======== Supplied information
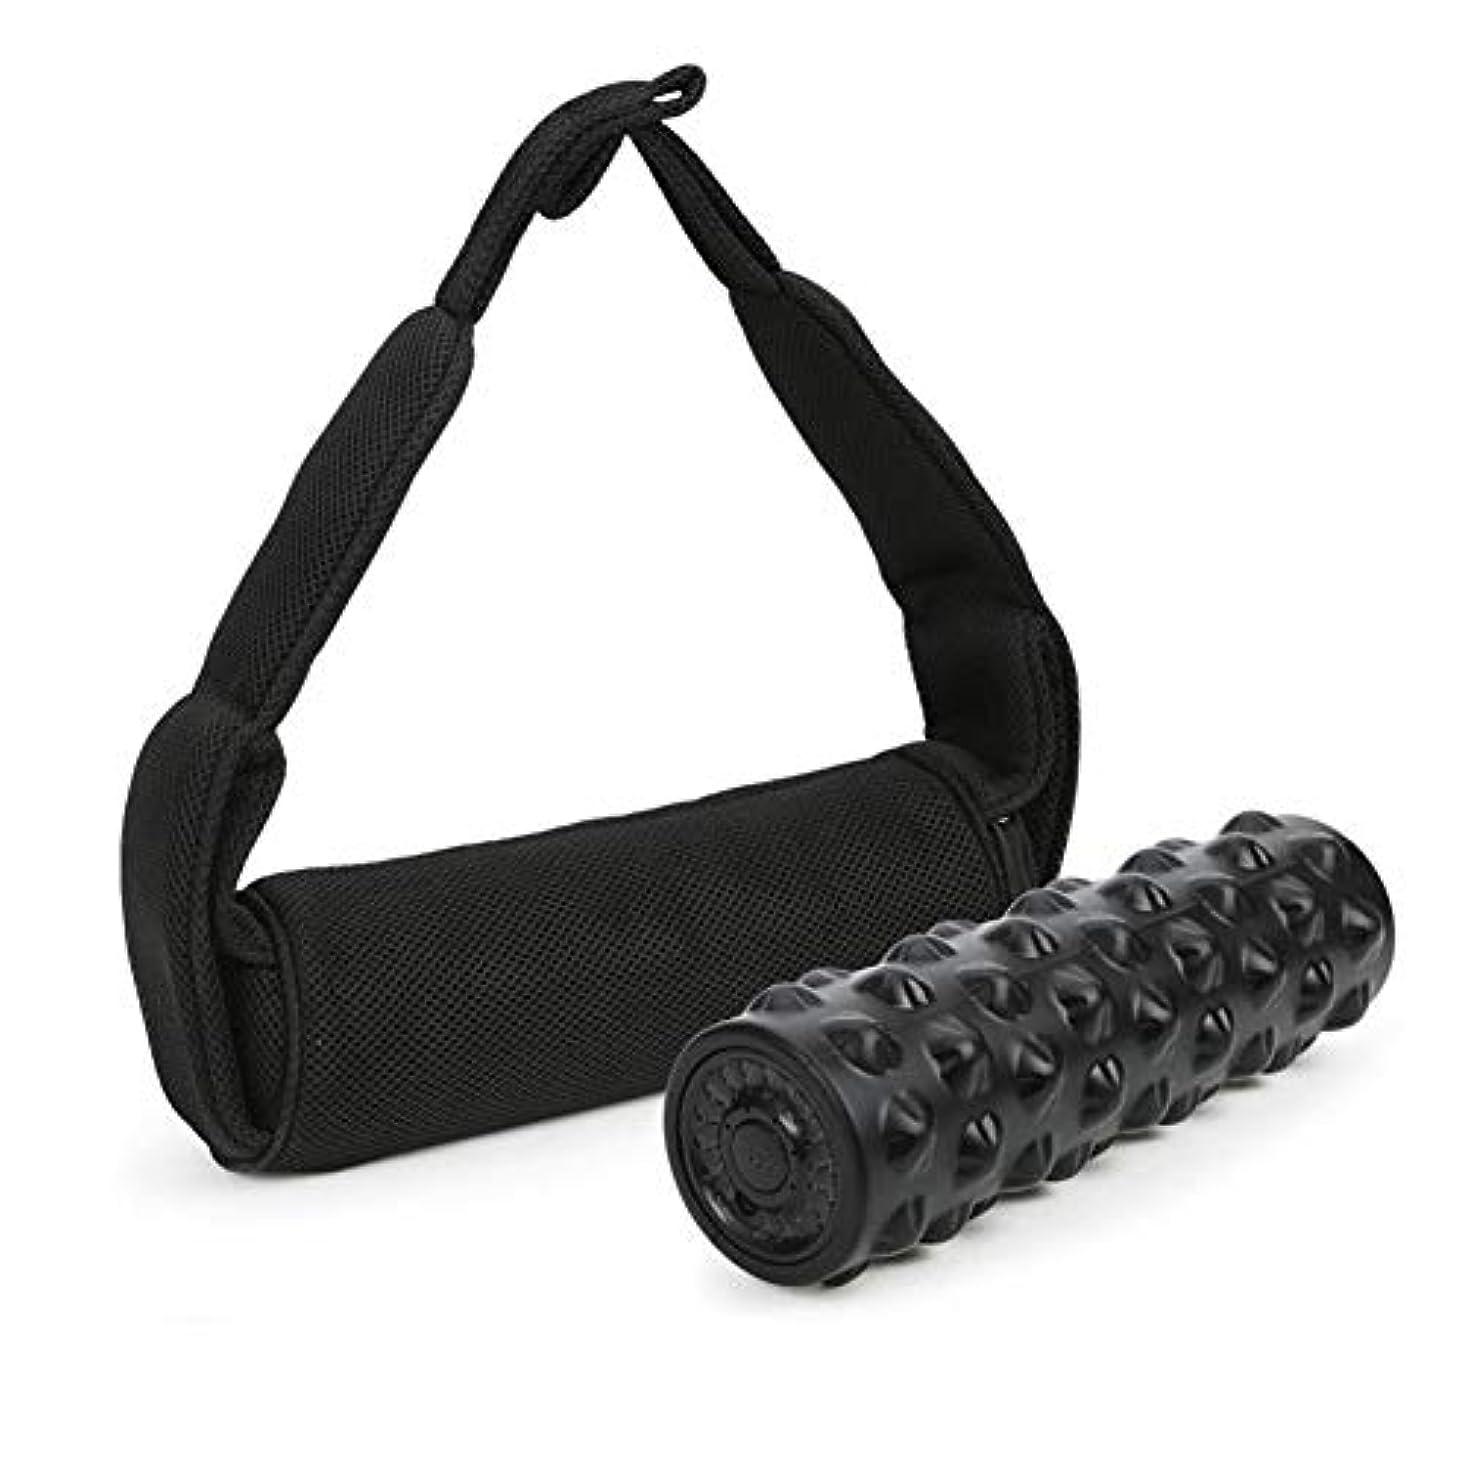 アーク圧力松Semmeの泡のローラーの振動のマッサージャー、筋肉回復、弛緩、移動性、柔軟性の訓練、六角形様式のための4つの速度の調節可能な家のヨガの体育館装置の深いティッシュのマッサージ用具
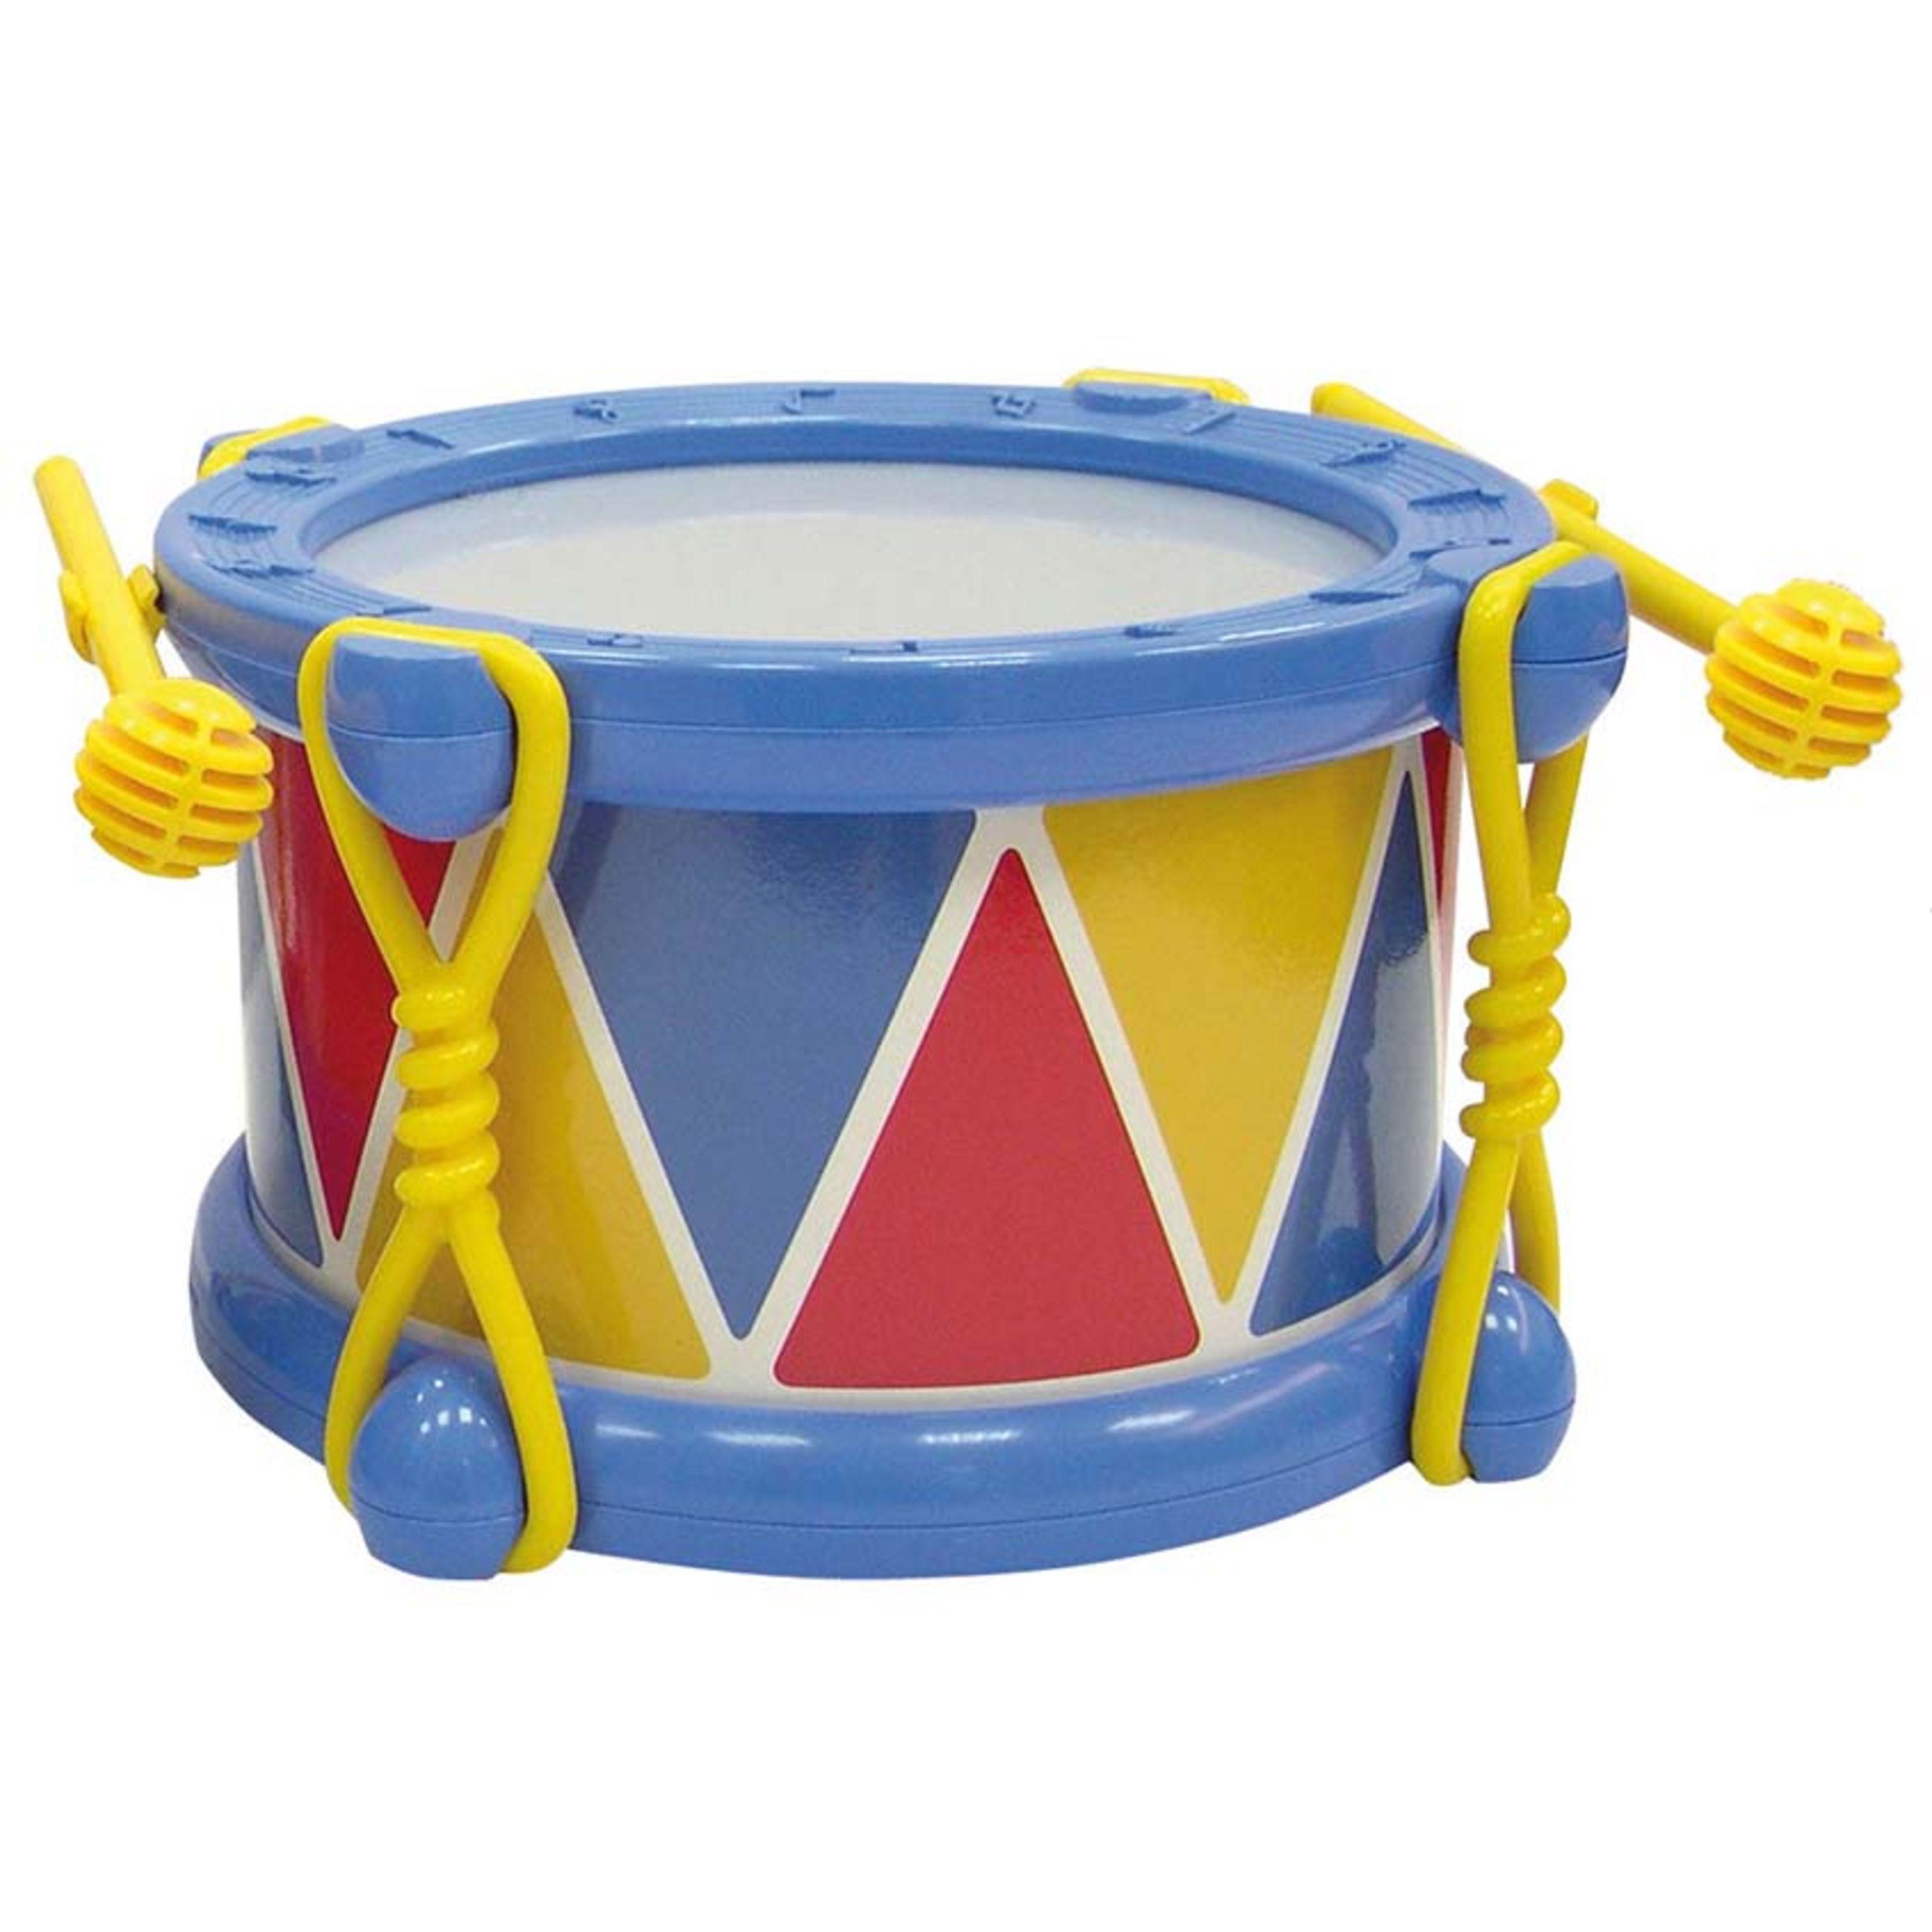 Voggenreiter The little drum for children, 20,5 cm
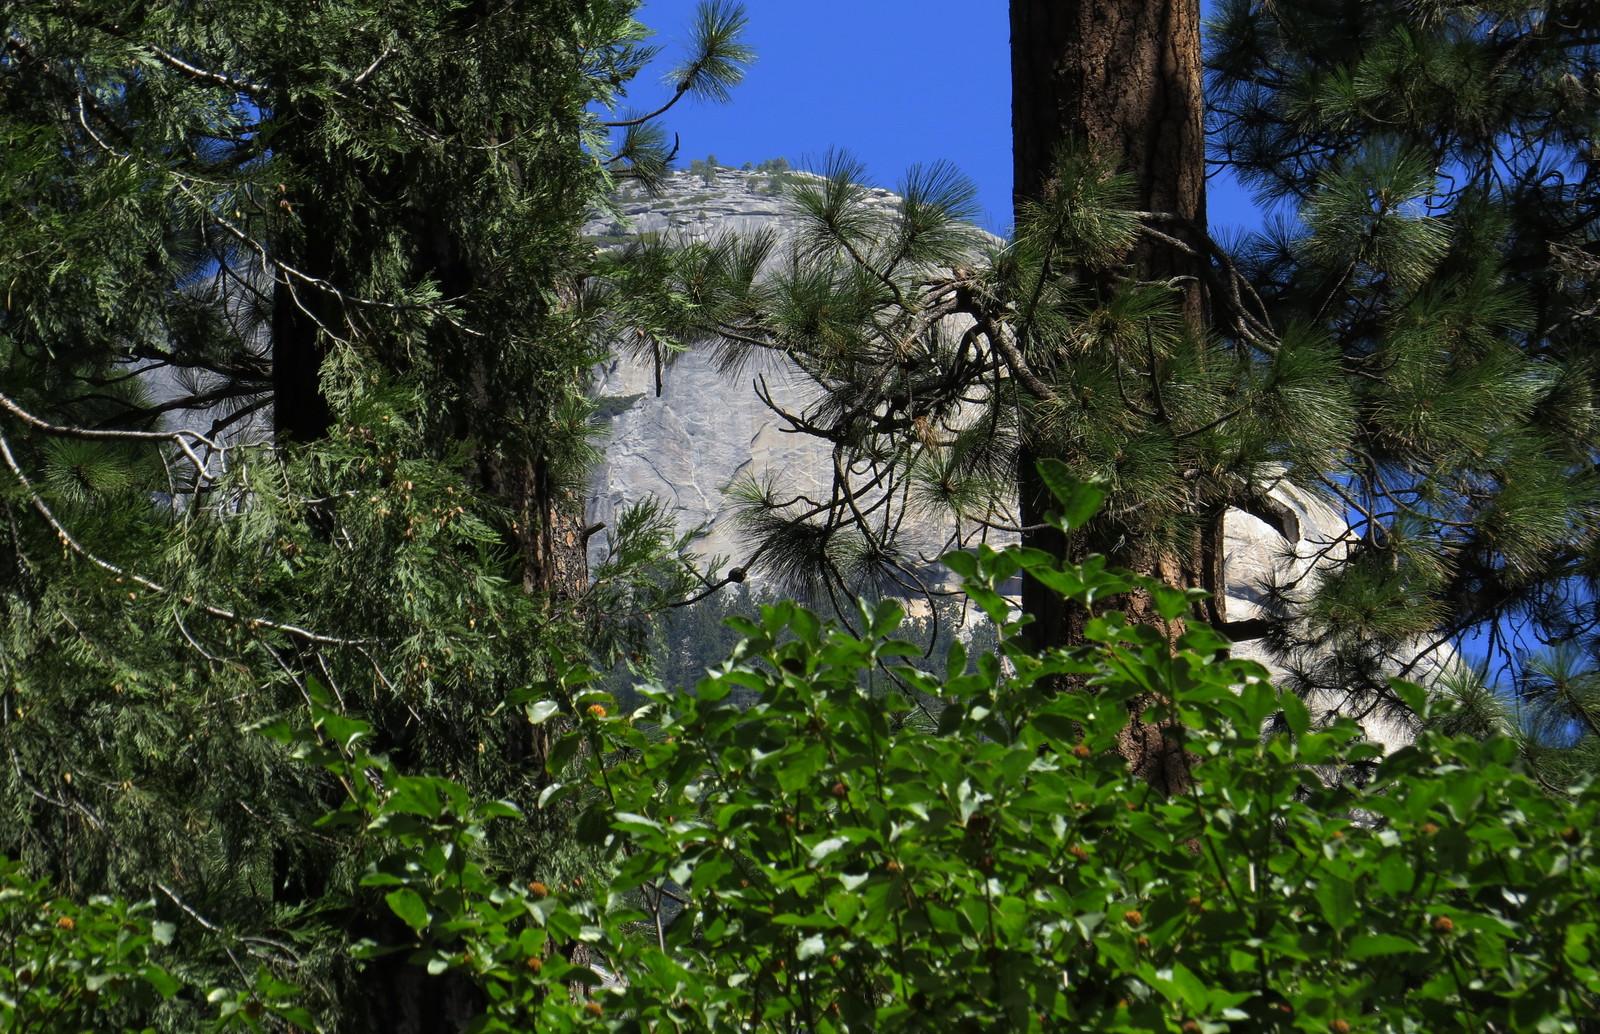 North Dome, Yosemite
================
Work instructions
Leave the pictures out and copy the rest of the data exactly.

The answer
 アーク圧力松Semmeの泡のローラーの振動のマッサージャー、筋肉回復、弛緩、移動性、柔軟性の訓練、六角形様式のための4つの速度の調節可能な家のヨガの体育館装置の深いティッシュのマッサージ用具
 Voggenreiter The little drum for children, 20,5 cm
 North Dome, Yosemite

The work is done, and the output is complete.